For this exercise, transcribe every line of the material exactly and skip the pictures.

## Collected material

########

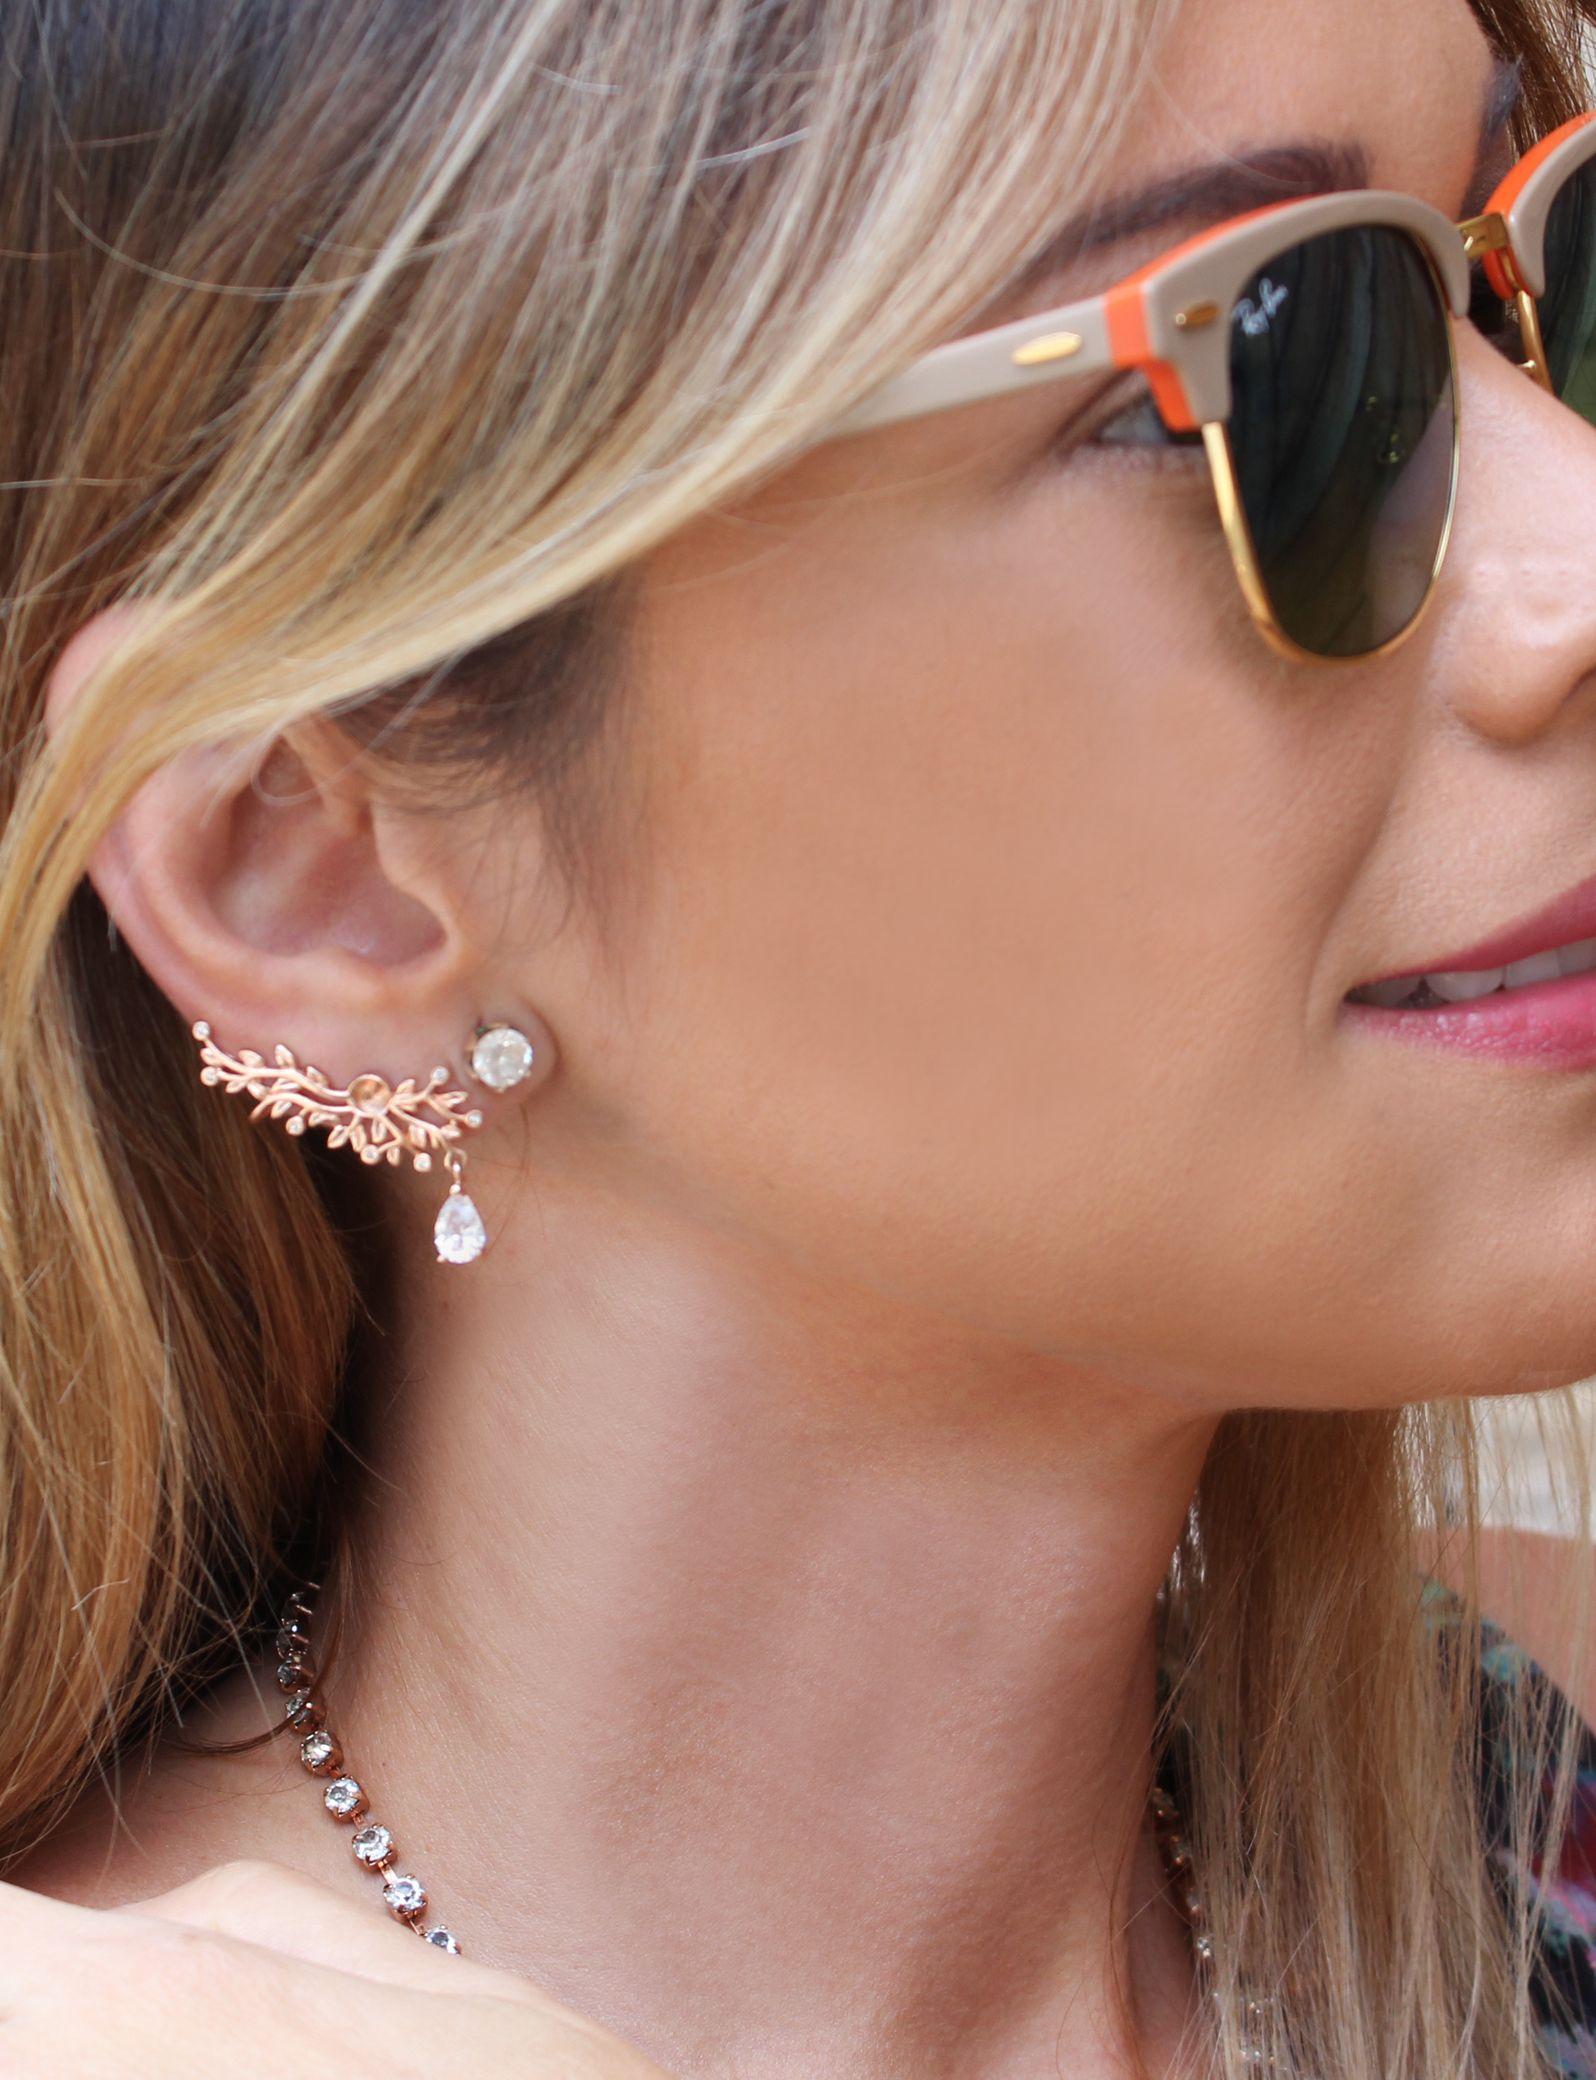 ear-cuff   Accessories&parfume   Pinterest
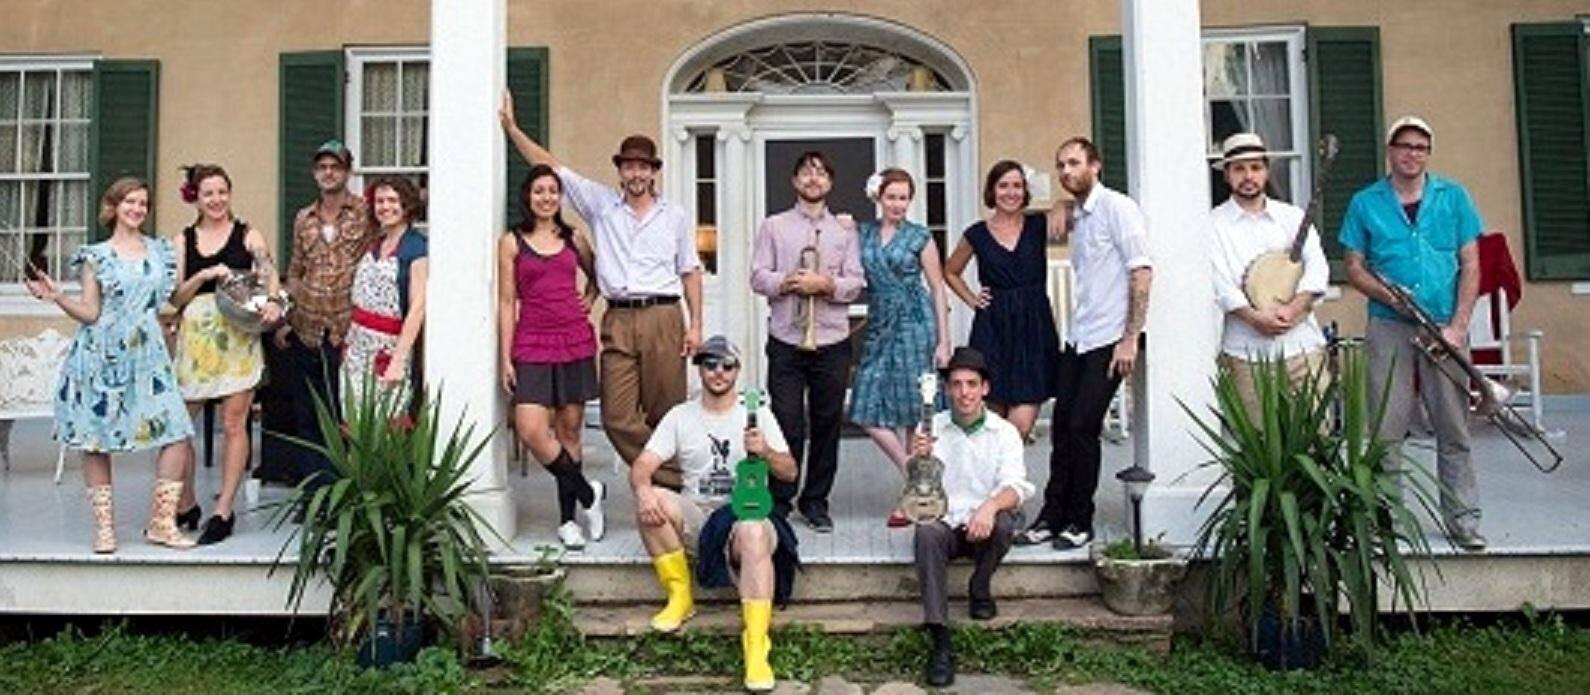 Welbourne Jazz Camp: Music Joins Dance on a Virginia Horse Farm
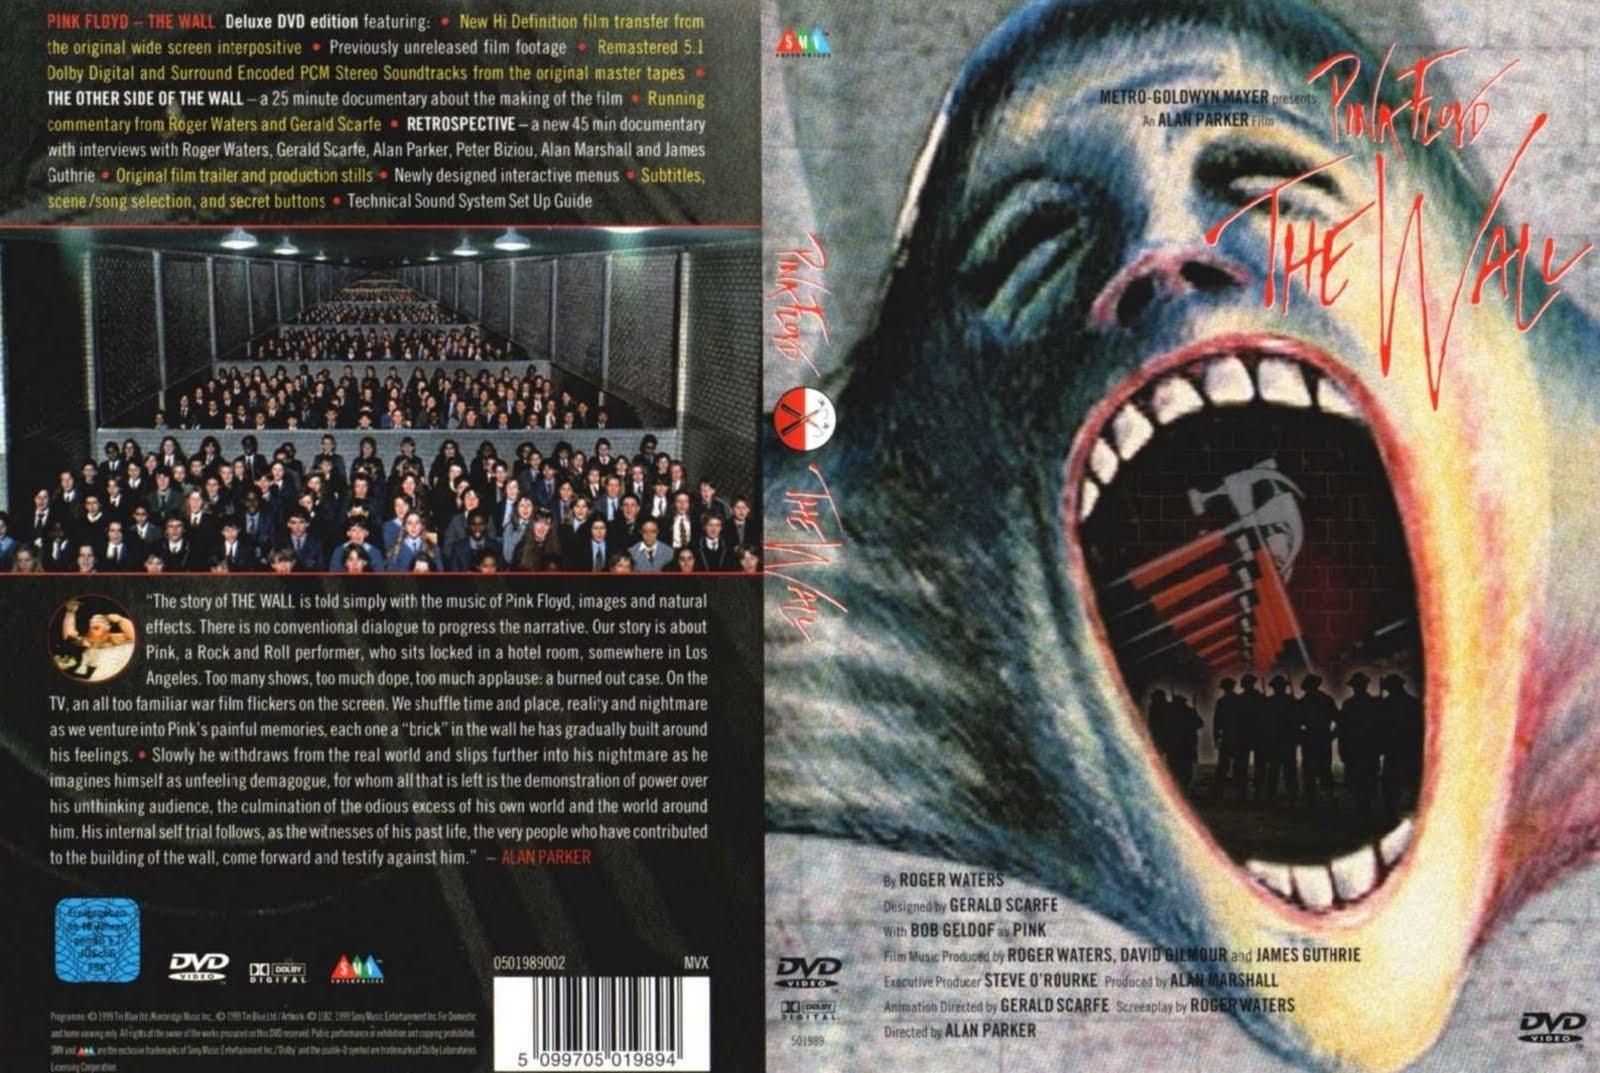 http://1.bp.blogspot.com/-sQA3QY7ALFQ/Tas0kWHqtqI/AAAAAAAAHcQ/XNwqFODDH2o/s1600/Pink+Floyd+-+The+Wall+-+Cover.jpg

########

## Answer to this task
 ear-cuff   Accessories&parfume   Pinterest
 Welbourne Jazz Camp: Music Joins Dance on a Virginia Horse Farm
 http://1.bp.blogspot.com/-sQA3QY7ALFQ/Tas0kWHqtqI/AAAAAAAAHcQ/XNwqFODDH2o/s1600/Pink+Floyd+-+The+Wall+-+Cover.jpg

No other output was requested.